The broadcast dollars around in the '80s (prior to the sell off to Broadcom/Powerplay) were miniscule & there would have been little incentive to provide coverage of games played in 2nd Division , which ultimately would have made it nigh on impossible for 2nd Division clubs to attract sponsorship or other sources of revenue, making it very hard to retain/attract quality players, resulting in an extended period languishing in 2nd Division, further limiting revenue sources (the VFA model of the '60s to '80s is a perfect example of why it doesn't work). It becomes a very vicious circle.

Even now with the broader coverage of games through the broadcast agreement with Channel 7 & Fox Footy, there would be no viable financial benefit to be gained by either broadcaster from telecasting games in a 2nd Division containing clubs who do not have the quality players of 1st Division clubs, nor the support base of these clubs because you can rest assured, upon relegation, a team's membership numbers would nosedive, as would their attendances.
 
A 2 division comp, with promotion & relegation would not have survived.

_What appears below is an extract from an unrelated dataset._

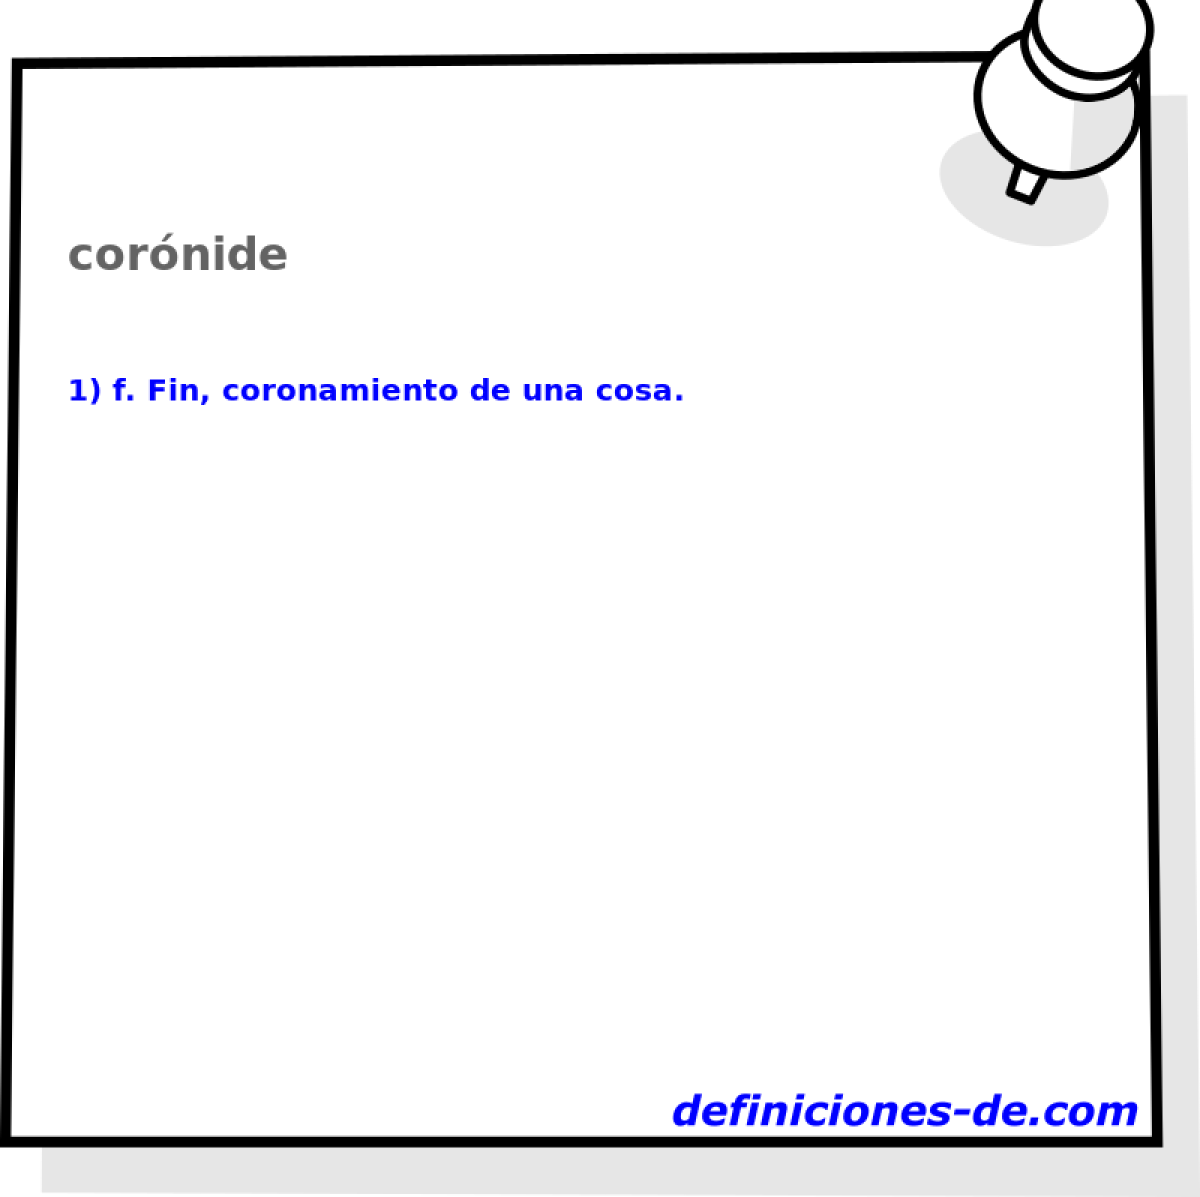 cornide 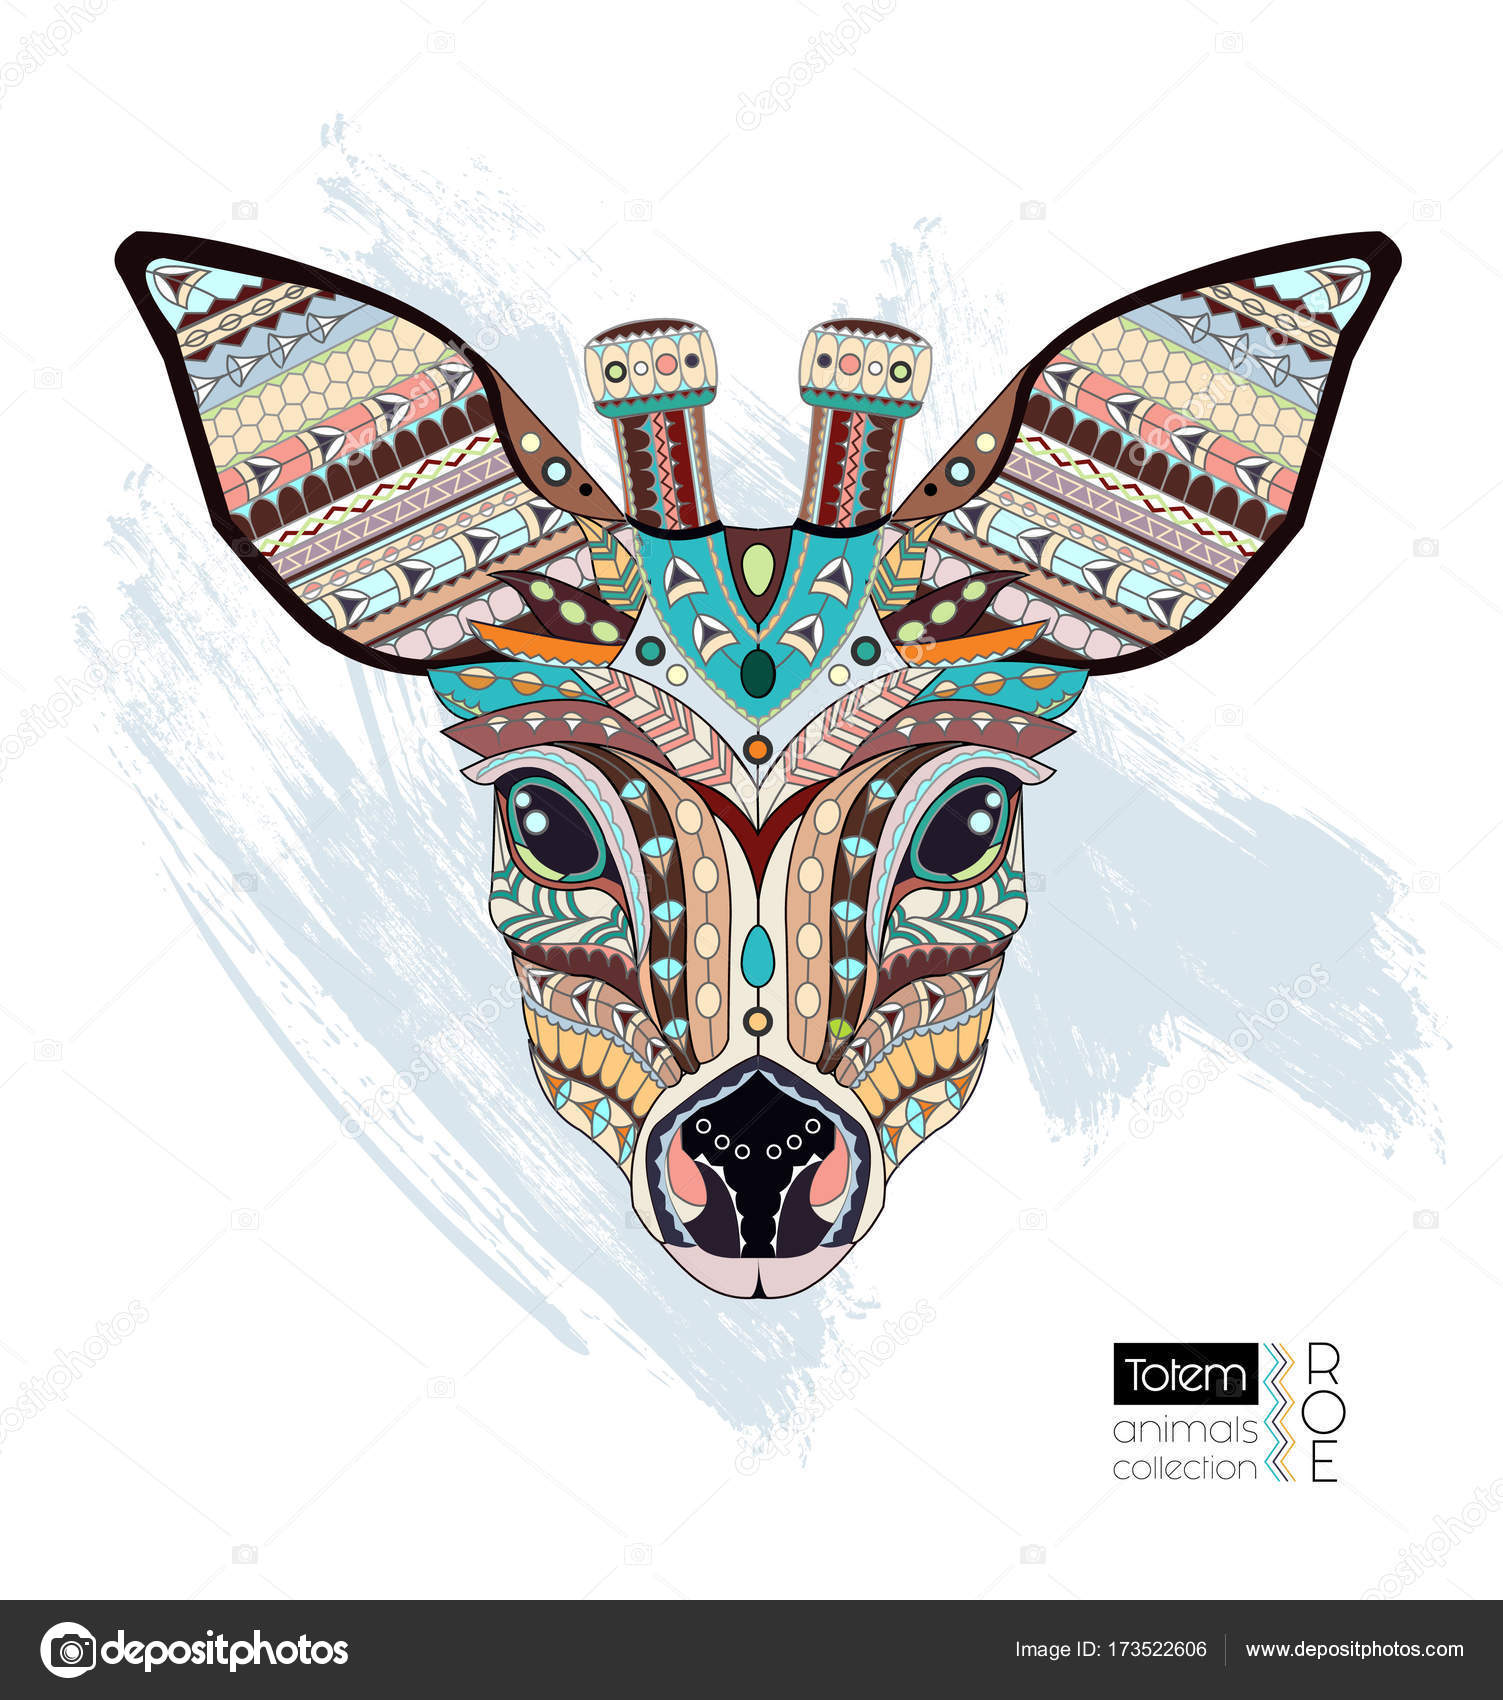 Cervo testa di uova da colorare Prenota pagina Illustrazione di vettore degli animali etnici Africano indiano totem disegno del tatuaggio

The broadcast dollars around in the '80s (prior to the sell off to Broadcom/Powerplay) were miniscule & there would have been little incentive to provide coverage of games played in 2nd Division , which ultimately would have made it nigh on impossible for 2nd Division clubs to attract sponsorship or other sources of revenue, making it very hard to retain/attract quality players, resulting in an extended period languishing in 2nd Division, further limiting revenue sources (the VFA model of the '60s to '80s is a perfect example of why it doesn't work). It becomes a very vicious circle.

Even now with the broader coverage of games through the broadcast agreement with Channel 7 & Fox Footy, there would be no viable financial benefit to be gained by either broadcaster from telecasting games in a 2nd Division containing clubs who do not have the quality players of 1st Division clubs, nor the support base of these clubs because you can rest assured, upon relegation, a team's membership numbers would nosedive, as would their attendances.

I don't disagree with your conclusion, but the broadcast dollars were insignificant because the product was rubbish. Regional state leagues with very little reach outside of 1 state were not attractive to national TV networks. Cricket was making a bit from TV in the 80's, and i've got no doubt a genuine national football competition would have been in demand from TV, albeit on a much, much lower scale than what it is now.
 
I don't disagree with your conclusion, but the broadcast dollars were insignificant because the product was rubbish. Regional state leagues with very little reach outside of 1 state were not attractive to national TV networks. Cricket was making a bit from TV in the 80's, and i've got no doubt a genuine national football competition would have been in demand from TV, albeit on a much, much lower scale than what it is now.

Channel 7s bid for VFL rights actually dropped between 1986 and 1987, precipitating the sale of rights to Broadcom and the ABC for the 1987 season. Seven later increased its bid and bought the rights back.